There is no magic age that things are introduced to your pup. Continue your training, take the pup out for walks in the fields and woods when he/she is ready. Whoa training is the foundation command. Somewhere between 4 - 8 months you'll sense it's time to introduce them to birds. I've had my best results in the past taking them to puppy classes where a hunting dog trainer will introduce them to pigeons and work on their pointing. The group class allows them to see what other pups are doing and helps to get them excited about the birds.

I have sent pups to a trainer before (more productive than individual classes) but not before they were at least a year old.


----------



## gunnr

moviegoer.

Mswhipple's first sentence is key.

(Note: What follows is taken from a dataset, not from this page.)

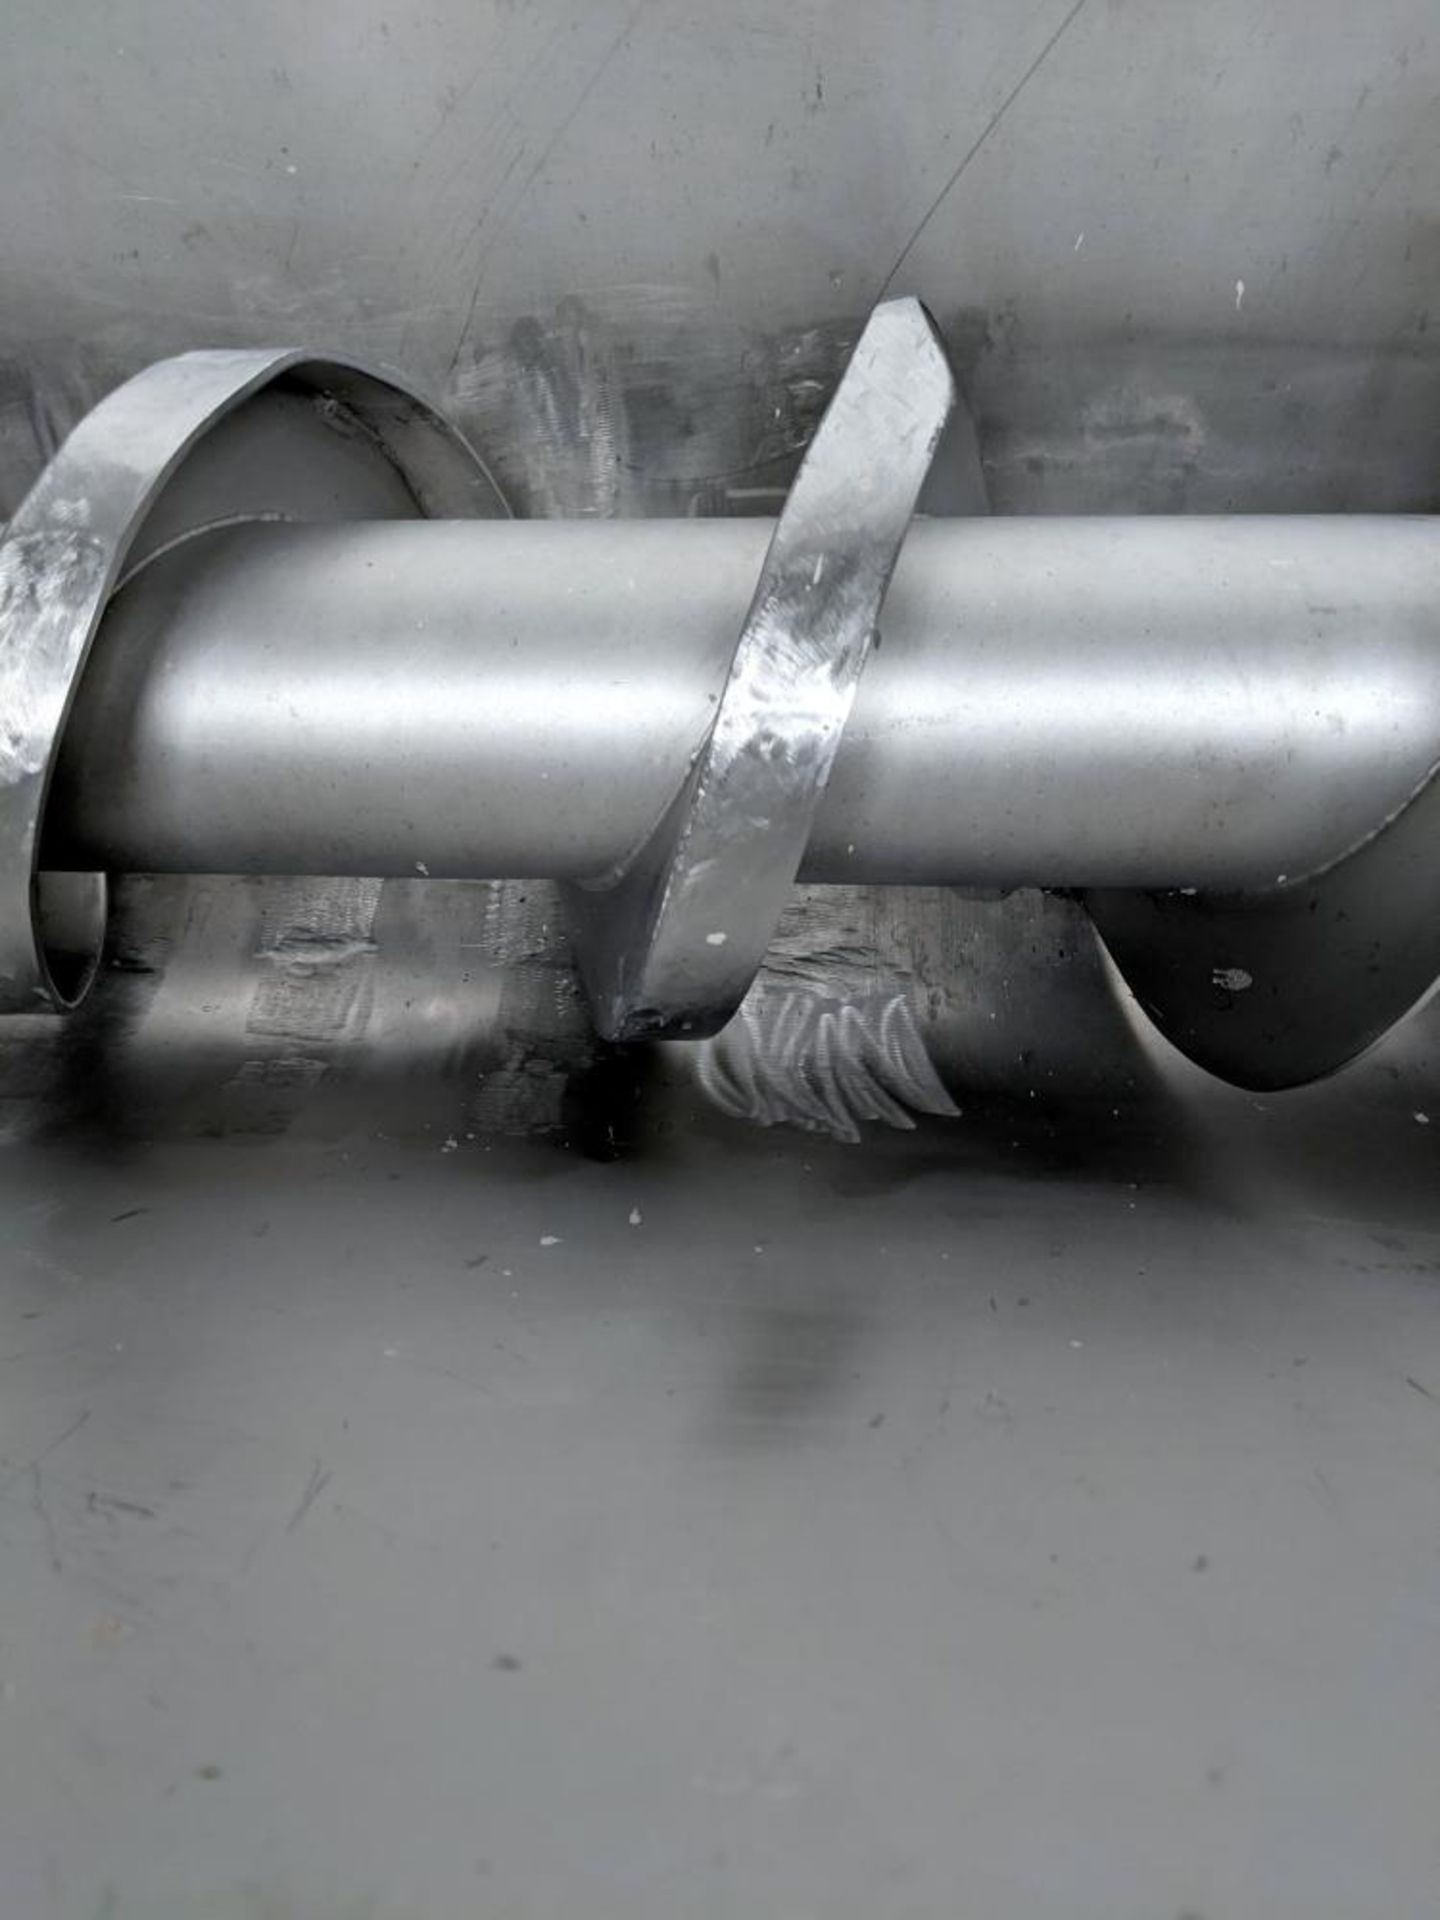 Wolfking Sanitary Screw Conveyor, Stainless Steel, Horizontal. Approx 9" diameter x 168" long screw - Image 7 of 15

You will never train a dog to hunt. They either do it naturally, or don't. 
What you are training them to do is to hunt with you, and we poor humans are definitley the limiting variable in the equation.

For me the training starts the very first day. There is a ton of work that can be done in the house, on the kitchen floor, and in the yard. It's all fun and games though, and no real discipline component involved.
House training is the first step. It's a simple execise, but there is a lot to it, and the pup is learning to communicate with you, and learning how you'll communicate with it.
He/she is also learniong about "expectations". This is the basis of all the rest of the training. Expectations and communication.

Fetch starts on the kitchen floor. A rolled up sock with some quail scent. Roll it across the floor, and turn it into a game. I toss, you retrieve, and bring it back. The quail scent is just there to stir those latent instincts they are bred with.
I hide bird wings around the house. Under couches, the corner of a rug, behind a table , in a shoe,etc, and then let the puppy find it all on their own. No leading them to it. 
Each time they find something I make a really big fuss over them and we then play fetch with the wing. Lots of pets and touches and playfulness. High positve enrgy is the ticket here. You want them to know that nothing is more fun than doing this with you, and nothing is more important. You are bringing out the "desire to please". 
At this point in their life, with this game, there is nothing they can do wrong. Everything has to be a success for them. Your expectations at this time are ZERO!
Once they're older this game moves outside, and the wings are replaced with quail in cages hidden in the bushes. Still the same playful positve high energy, and again, everything they are doing at this point is correct. They'll learn later on whats not correct, but not yet. Drive, desire and focus are most important. The birds and wings are a distant second. You want her going bonkers anytime she thinks it's "platyime".
The wing on the string can be introduced, about the time the games move outside, but don't over do it. The wing on the string is to bring out the inherent pointing attributes, and you may not need it all. If your puppy is pointing quail in cages and wings hidden in the house, you're well on your way. 
One problem with the wing on a string game with Vizsla's is that they are natural problem solvers and will quickly learn that to get the wing, they have to stop the rod. They will stop going for the wing and focus on the end of the rod the string is attached too. They're not stupid. 
What is happening during this development period is that the instinctive aptitude of the puppy is developing at a natural pace, and you are becoming an interactive part of the equation. In thier mind you are imprinting yourself into their "picture".
Keep up with the basic obediance, and introduce the fun stuff, and in 6 months, or next spring, you'll be more than ready to move on to the " more serious training". She should be ready for her first intorduction to hunting by next season.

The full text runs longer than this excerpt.